▶ **TO DO**
Look for "Measures: 45 5/8" in the listing below, then copy exactly the line it appears in and all lines after it to the end, and nothing more.
Segment Start: EXERCISE INPUTS
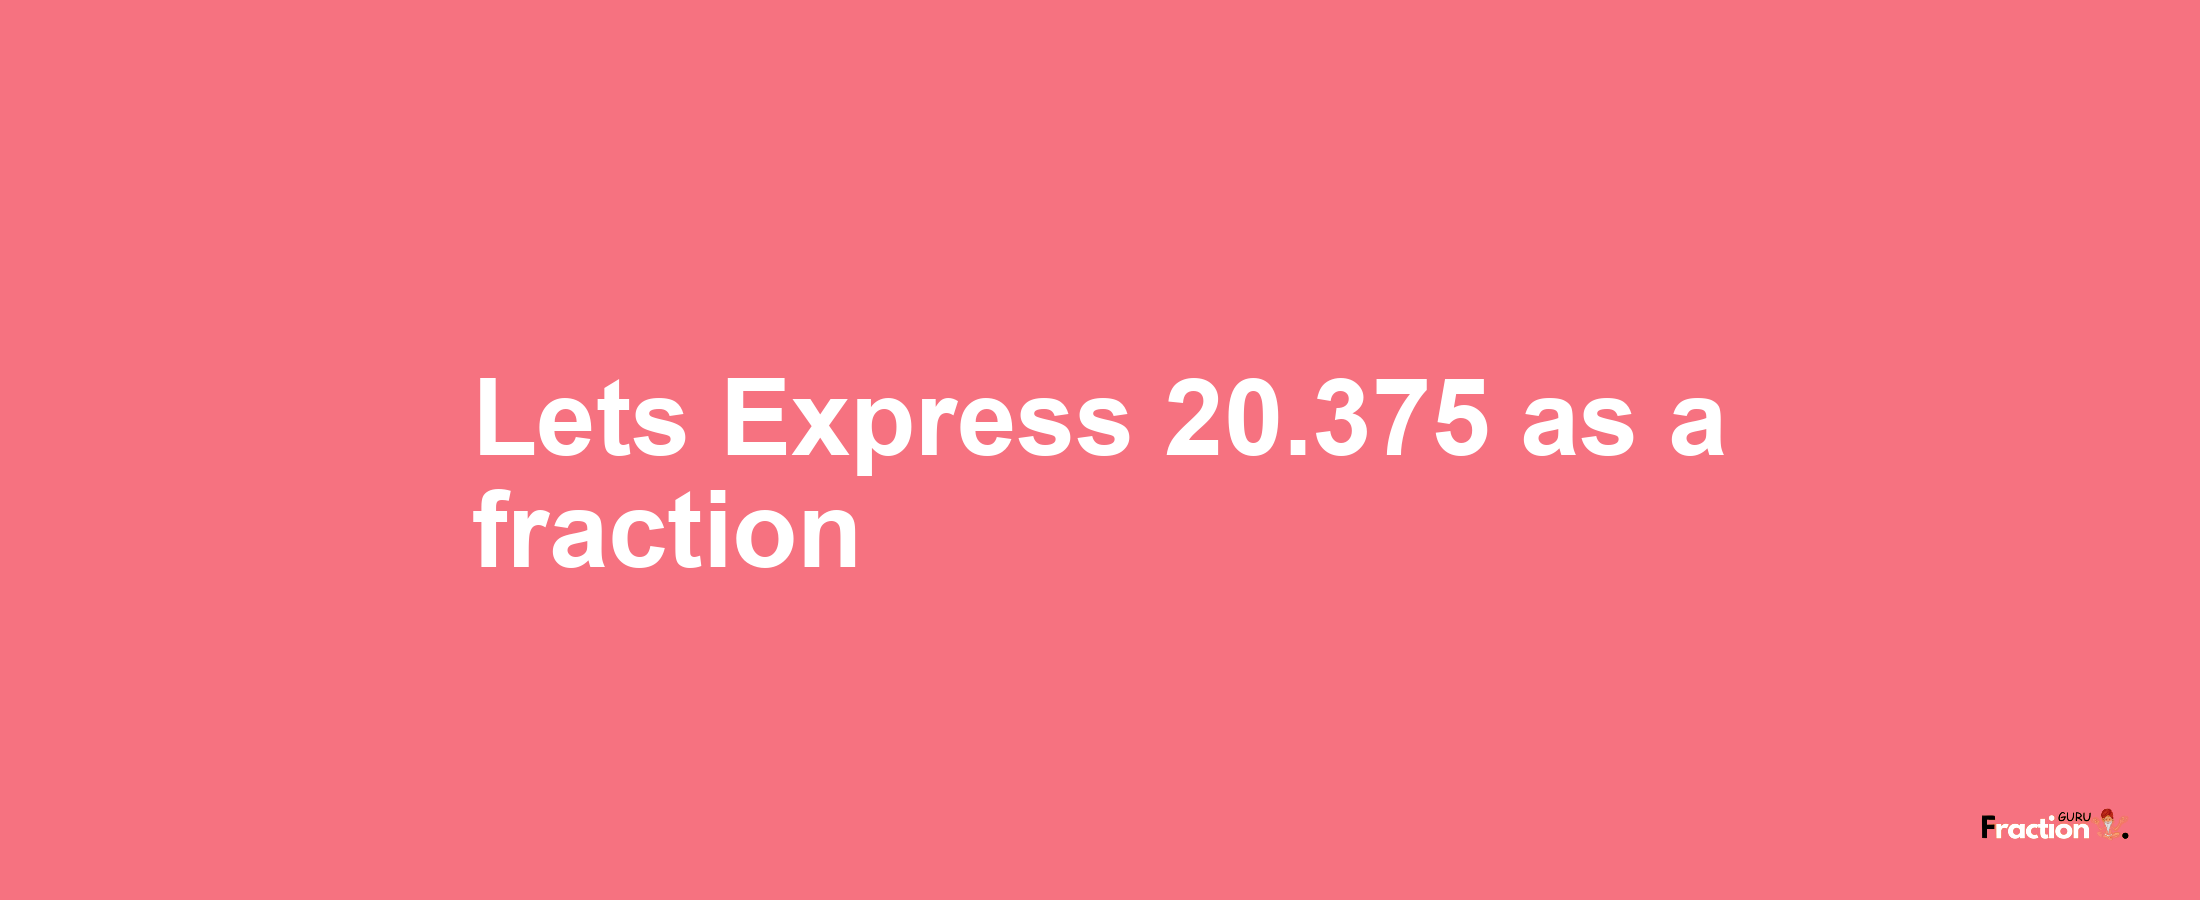 Lets Express 20.375 as afraction
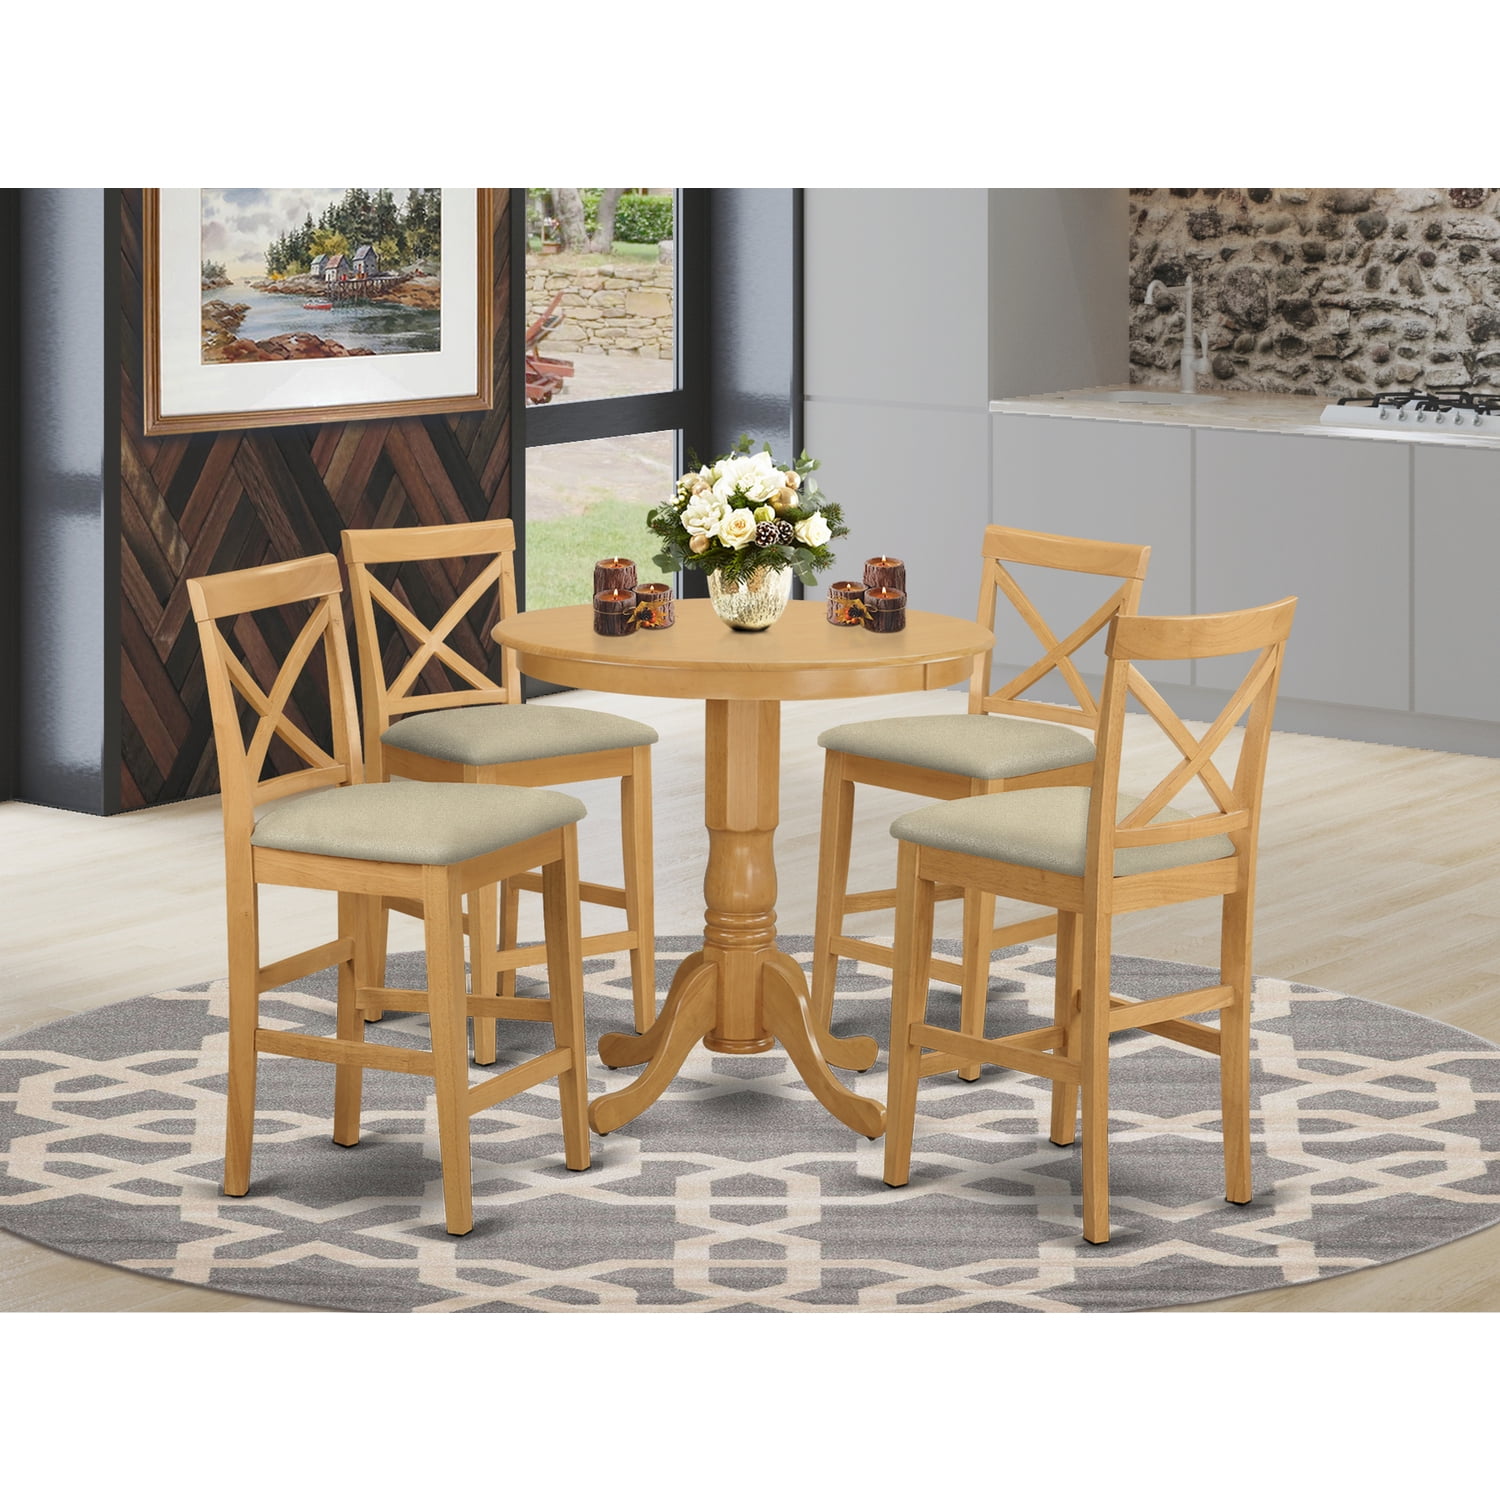 Counter Height Set Pub Table And Dining, Round High Kitchen Table And Chairs
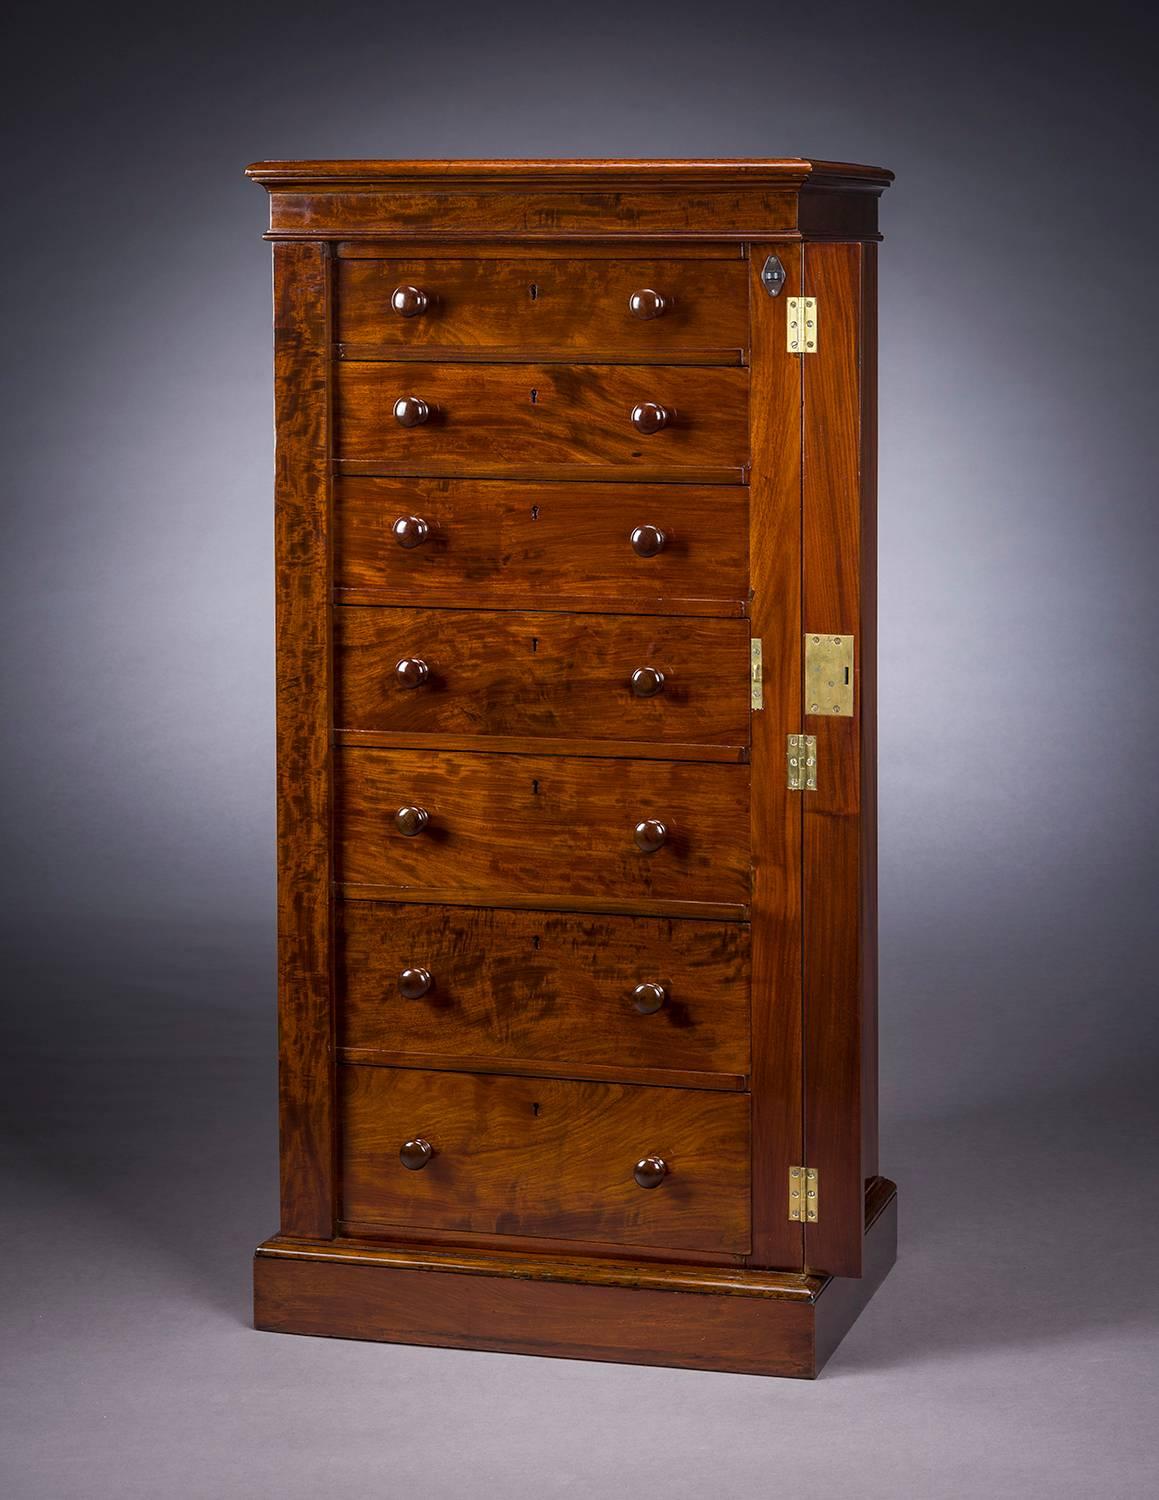 Boston, Massachusetts
Seven-drawer tall chest, circa 1825.
Mahogany (secondary woods: mahogany, pine, and poplar)
Measures: 45 5/8 in. high, 27 5/8 in. wide, 14 5/8 in. deep 
Inscribed (on six drawer locks): SECURE; (on seventh lock): CHUBB’S /
Segment End: EXERCISE INPUTS
▶ **REPLY TO THE TASK**
Measures: 45 5/8 in. high, 27 5/8 in. wide, 14 5/8 in. deep 
Inscribed (on six drawer locks): SECURE; (on seventh lock): CHUBB’S /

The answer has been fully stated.